Preferably, in the context of an up-converter, the inductor is sized such that it combines with the parasitic capacitances to form a resonant circuit tuned to the local oscillator frequency or a harmonic thereof.


Preferably the mixer is a balanced mixer. The symmetric nature of balanced mixers enables them to deliver enhanced performance with regards to distortion/non-linearity when compared to single ended mixers.


Preferably the first input is a differential input, the second input has two input connections (which for convenience may be called first and second input nodes of the second input) and the output has two output connections. This gives rise to a mixer which is balanced with respect to its output and with respect to both its inputs, and such a mixer is often referred to as “a double balanced mixer”.


Preferably the mixer has a second field effect transistor therein having a source, a drain, and a gate.


Advantageously the first and second field effect transistors form a mirrored pair of transistors. Thus the source of the second field effect transistor is connected to the source of the first field effect transistor. However in order to form a mirrored pair the first and second field effect transistors need dissimilar inputs and hence the gate of the first field effect transistor is connected to a first input connection of the first input, whereas the gate of the second field effect transistor is connected to the second input connection of the first input.


Preferably the first input connection is arranged to receive a signal from a local oscillator. Advantageously the first and second field effect transistors are driven to act as switches.
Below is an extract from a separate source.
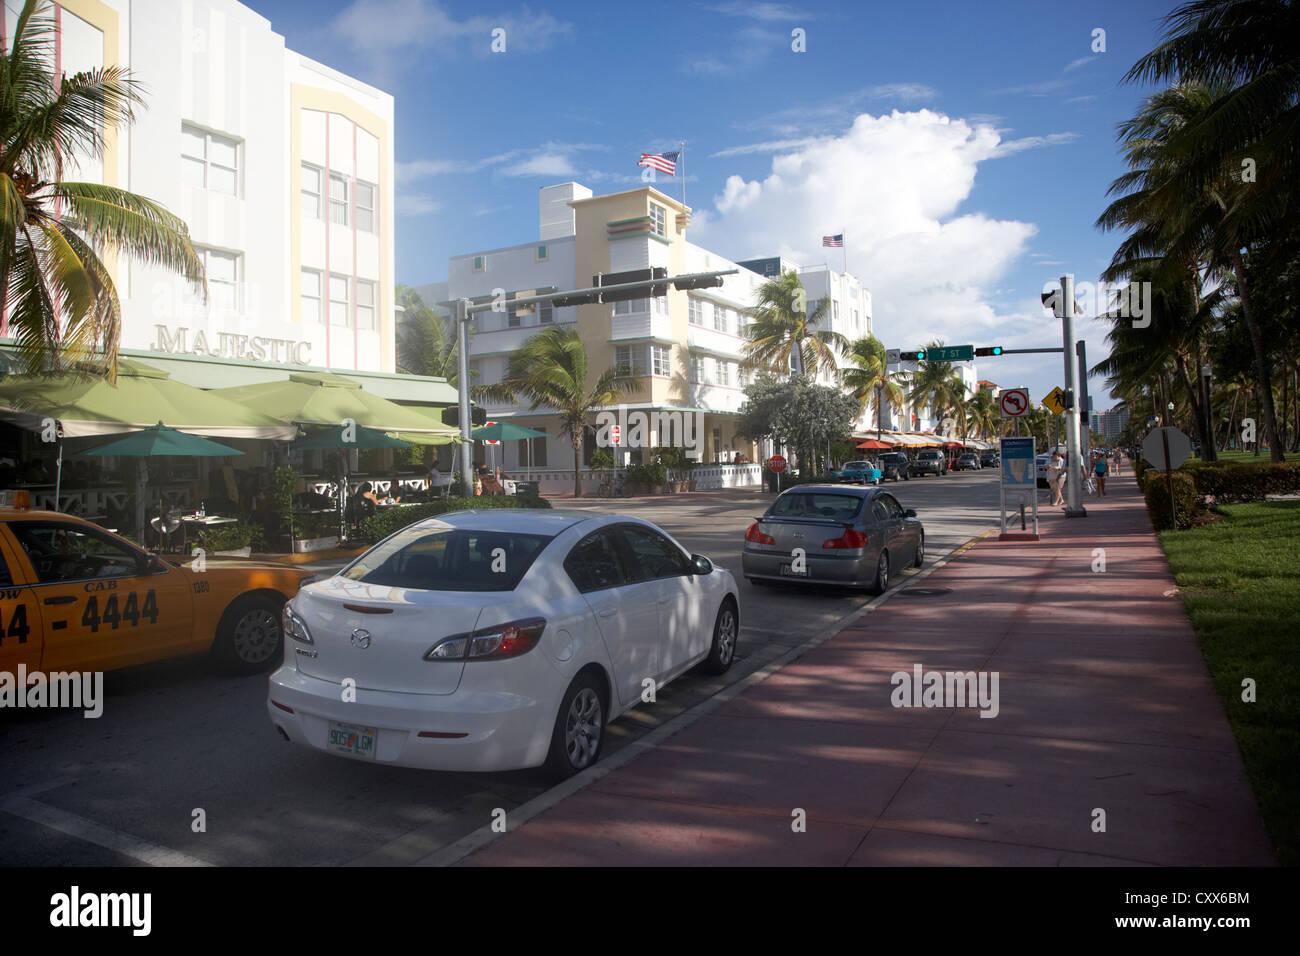 ocean drive early morning art deco district miami south beach florida usa - Stock Image

Thus, in a first half cycle of the local oscillator signal the first field effect transistor is switched hard on whereas the second field effect transistor is held switched off, and in the second half cycle of the local oscillator signal the first field effect transistor is switched off and the second field effect transistor is switched hard on.


Preferably the drain of the first effect transistor is connected to a first output node, whereas the drain of the second field effect transistor is connected to a second output node.


Advantageously third and fourth field effect transistors are provided and are connected such that the sources of the third and fourth field effect transistors are connected to a second input node of the second input, whereas the sources of the first and second transistors are connected to a first input node of the second input. Advantageously the gate of the third field effect transistor is connected to the gate of the second field effect transistor and the gate of the fourth field effect transistor is connected to the gate of the first field effect transistor. Furthermore, the drain of the first field effect transistor is connected to the first output node, whereas the drain of the fourth field effect transistor is connected to the second output node.


In a first embodiment of the present invention a first inductor is connected in series with the first input node of the second input and a further inductor is connected in series with the second input node of the second input. In this arrangement the first and second inductors are placed in series between the respective transconductors and the switching cores. This arrangement is particularly suitable for use as an up-converter.


Preferably the second input is arranged such that each of the first and second input nodes of the second input receives a substantially equal DC bias current upon which is superimposed an AC signal. The AC signal is differential such that when the first input node of the second input has an input current

I1=bias current+ΔAC

then the second input node of the second input has an input

I2=bias current−ΔAC


According to a second aspect of the present invention there is provided a communications system incorporating a mixer constituting an embodiment of the first aspect of the present invention.


According to a third aspect of the present invention there is provided a mixer comprising: a first input; a second input; a first field effect transistor having a gate, a source and a drain; and a first inductor; wherein the first input is provided to the gate of the first field effect transistor, the second input is provided to the source of the first field effect transistor and the first output is connected to the drain of the first field effect transistor, and the inductor is connected between the second input and a further node, and the first inductor is selected such that it forms a resonant circuit with parasitic capacitors associated with the first field effect transistor.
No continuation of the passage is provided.